С той поры он появлялся каждые три-четыре дня. Маньцянь заметила, что это всегда происходило в будни, если не считать того воскресенья, когда Тяньцзянь пригласил их обоих в ресторан. И время прихода он рассчитывал так, чтобы Цайшу еще был на работе. Сомнений не оставалось — Тяньцзяню нравилось бывать в обществе жены кузена, и это рождало в ней чувство удовлетворения собой. В ее серой и монотонной жизни появились какие-то краски, возникло легкое волнение. Внимание Тяньцзяня возрождало в ней уверенность в себе, доказывало, что она не безнадежно постарела, что жизнь еще не уничтожила в ней способность волновать мужчин.
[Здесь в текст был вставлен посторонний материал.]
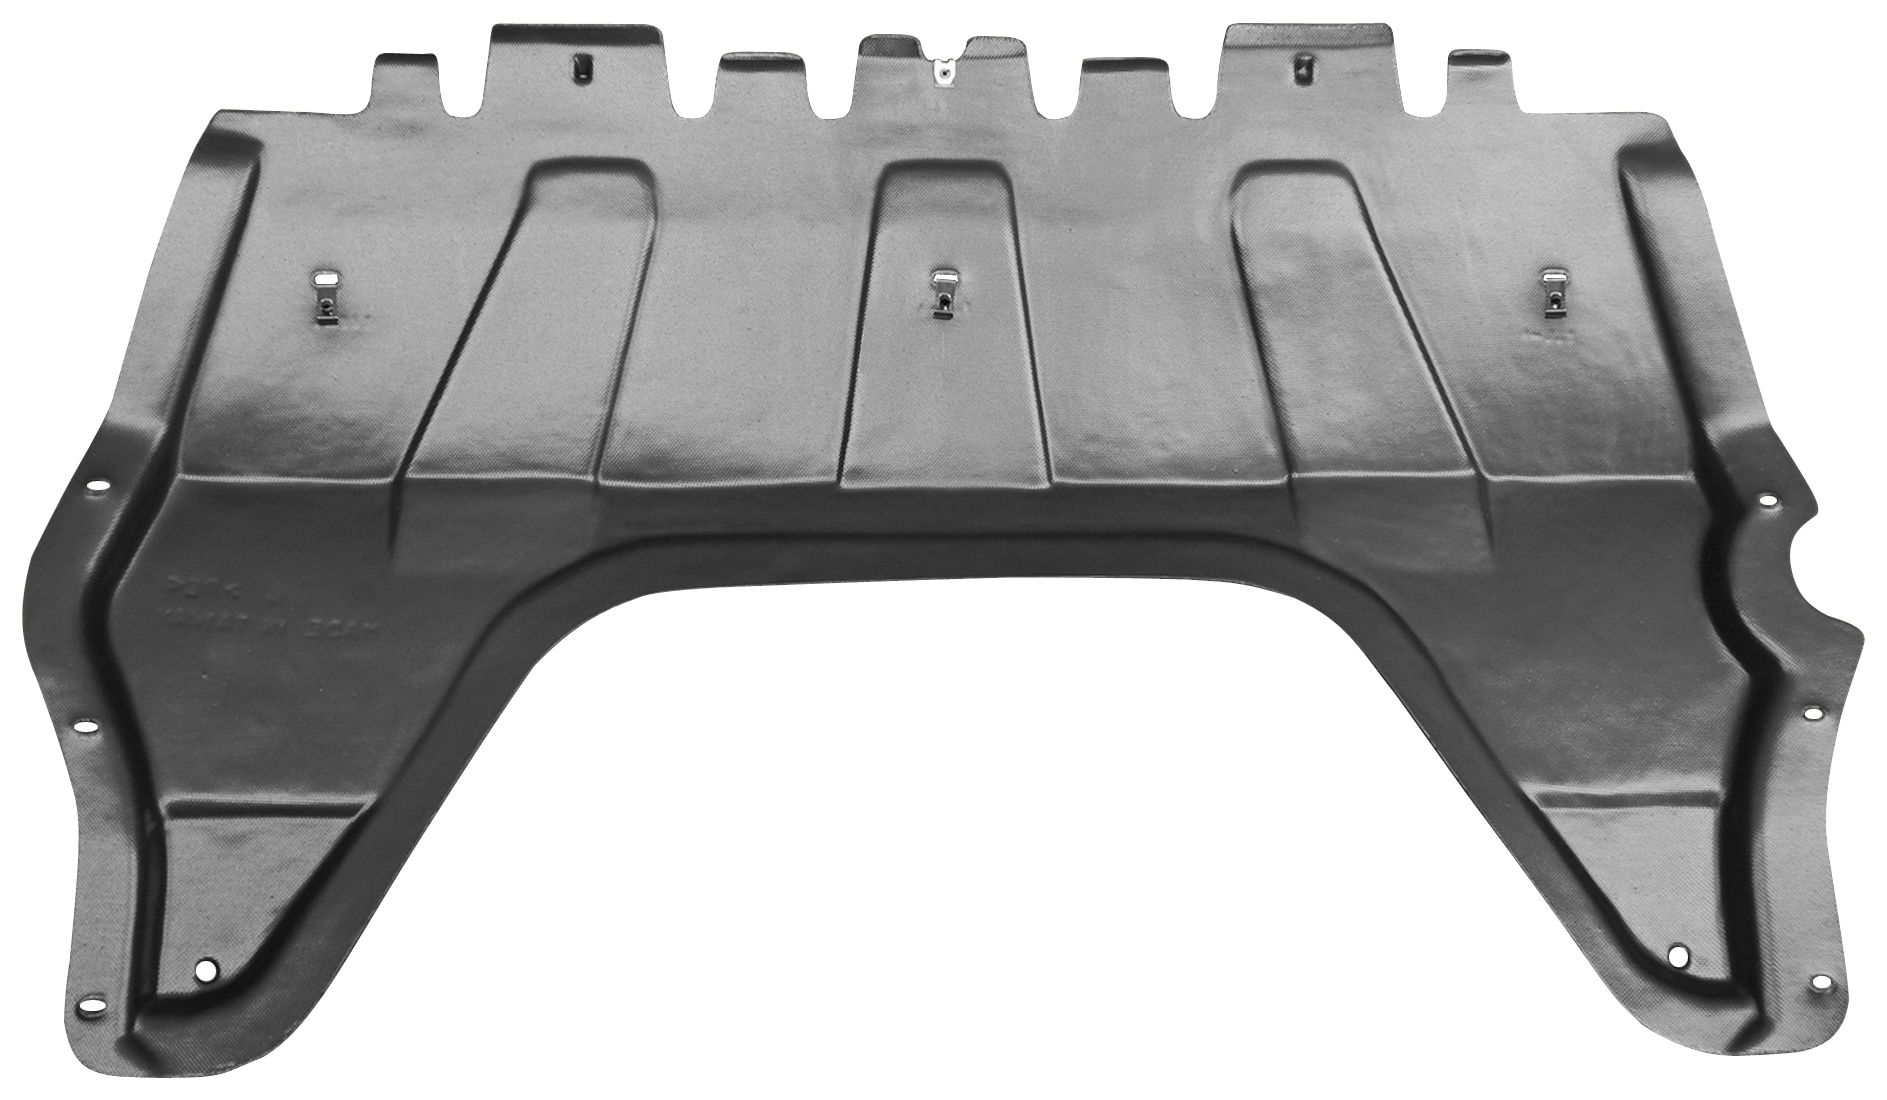 Aftermarket UNDER ENGINE COVERS for VOLKSWAGEN - TIGUAN, TIGUAN,09-17,Lower engine cover

Нет лучшего способа доказать женщине ее привлекательность, чем влюбиться в нее. Но если молоденькая незамужняя женщина рассматривает это как само собой разумеющееся признание ее достоинств, то для семейной или близящейся к зрелому возрасту в этом факте есть нечто утешительное, какое-то даже проявление почтительности. Самая разборчивая в выборе поклонников девушка с годами, когда на ее чувства уже падает отсвет вечерней зари, часто становится терпимой и покладистой — мужчина, которого она ни за что не выбрала бы себе в мужья, вполне может надеяться стать ее любовником.
В жизни Маньцянь уже наступил период, когда ей потребовались такие утешения, когда она готова была поверить в подобную почтительность. Она полагала, что между ней и Тяньцзянем не может возникнуть романа, и, уж во всяком случае, она не способна влюбиться в него. Будущее ее не волновало: у нее был муж — самая надежная гарантия ее спокойствия и наилучшая защита против Тяньцзяня. В начавшейся дружбе с Тяньцзянем ее замужество было той естественной чертой, которую ни она, ни он не могли перейти. В душе она соглашалась с тем, что Тяньцзянь вызывает симпатию, — если бы она осмелилась быть более искренней сама с собой, следовало бы сказать: «способен внушить любовь», — и не удивительно, что Цайшу упоминал об его успехе у женщин. Мысль о подружках Тяньцзяня вдруг вызвала у Маньцянь раздражение. Может быть, он и ее относит к числу «подружек»? Нет, такого рода подругой она никогда не будет, да и он не должен, не может смотреть на нее такими глазами. Она не из тех, кого можно расположить к себе застольями да развлечениями. Его частые визиты как раз подтверждают, что его удовлетворяет такая спокойная форма общения.